Methodology

How the score works.

PipelineScore is a 0–100 number computed from five categories that mirror real-world LLM workloads, reported with a confidence band so two models that are statistically tied read as tied. Every task is checked objectively, so the whole benchmark runs on your machine with no API key, then the result uploads to the board. Pick a weighting profile to rank for your use case.

The formula

category_score = mean(task scores, 0-100)  ± 95% confidence band
PipelineScore  = Σ (category_score × profile_weight)   (weights sum to 1.0)

Each category is the mean of its task scores with a 95% confidence band (Student-t for small samples), so a noisy category shows a wider band and the band narrows as you add tasks. Every task is scored deterministically on your machine: code is executed against hidden test cases, answers are exact-matched, and tool calls and extractions are JSON-matched. There is no judge model and no API key.

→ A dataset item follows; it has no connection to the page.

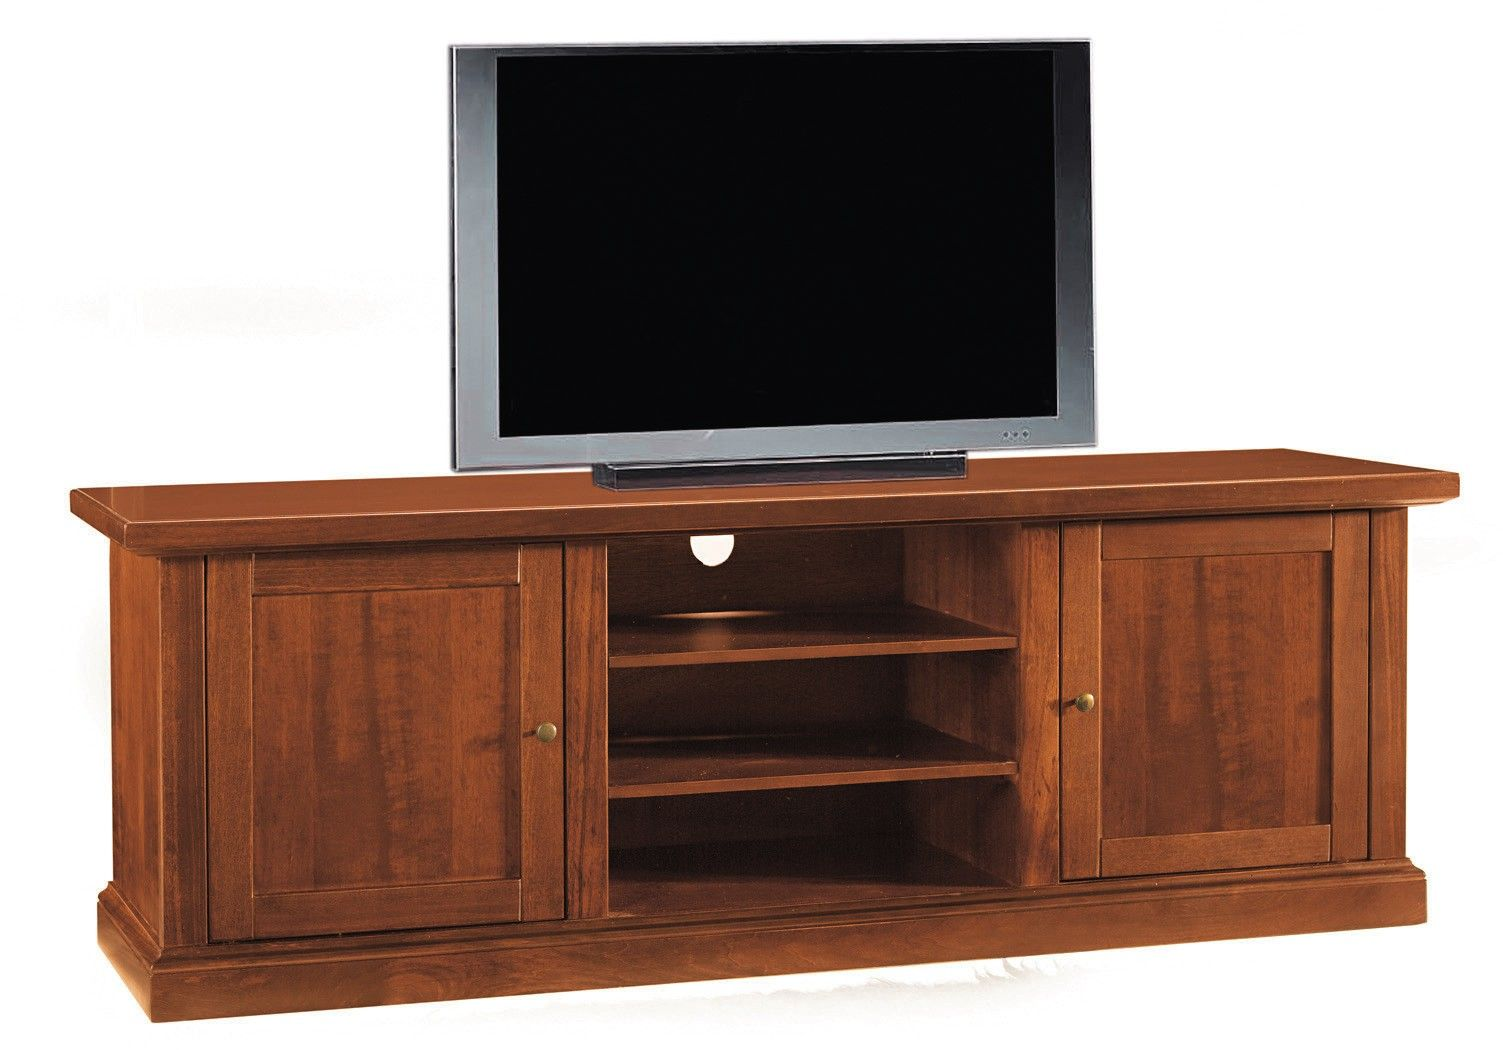 Porta tv mondo convenienza - Mobili porta tv mondo convenienza ...

Speed is throughput (tokens/sec), a rate, so it does not reward terse answers. The composite is computed per weighting profile (balanced, coding, agentic, local-first); the board leads with the per-category profile.

The five categories

Code

28%

Code generation, debugging, refactoring — the model's code is executed against hidden test cases.

Reason

22%

Multi-step reasoning, math, logic — the final answer is exact-matched.

Tool Use

18%

Function-calling: the emitted tool call is JSON-matched against the expected structure.

RAG

17%

Grounded extraction and structured answering, JSON-matched against the context.

Speed

15%

Throughput (tokens/sec) measured on your hardware during the run.

The tiers

Five tiers, named after the parts of a real industrial pipeline. A score maps to exactly one tier — no overlap, no ambiguity.

TRUNK

90 – 100

Top of the heap — main industrial line.

MAINLINE

75 – 89

Excellent and reliable service line.

FEEDER

60 – 74

Solid, capable secondary line.

TAP

40 – 59

Functional small-branch connection.

DRIP

0 – 39

Minimal flow — weak.

Config tags — same model, different setups

A vanilla claude-opus-4-7 and the same model wrapped in your custom system prompt or LoRA adapter are not the same thing. They should not collide on the board.

The CLI accepts a --config-tag flag — a short, free-form string like system-prompt-coder, lora-domain-finance, or temp-zero. The leaderboard shows it as a separate row from the base-model run, and you get a real apples-to-apples view of how much your customization actually moved the score.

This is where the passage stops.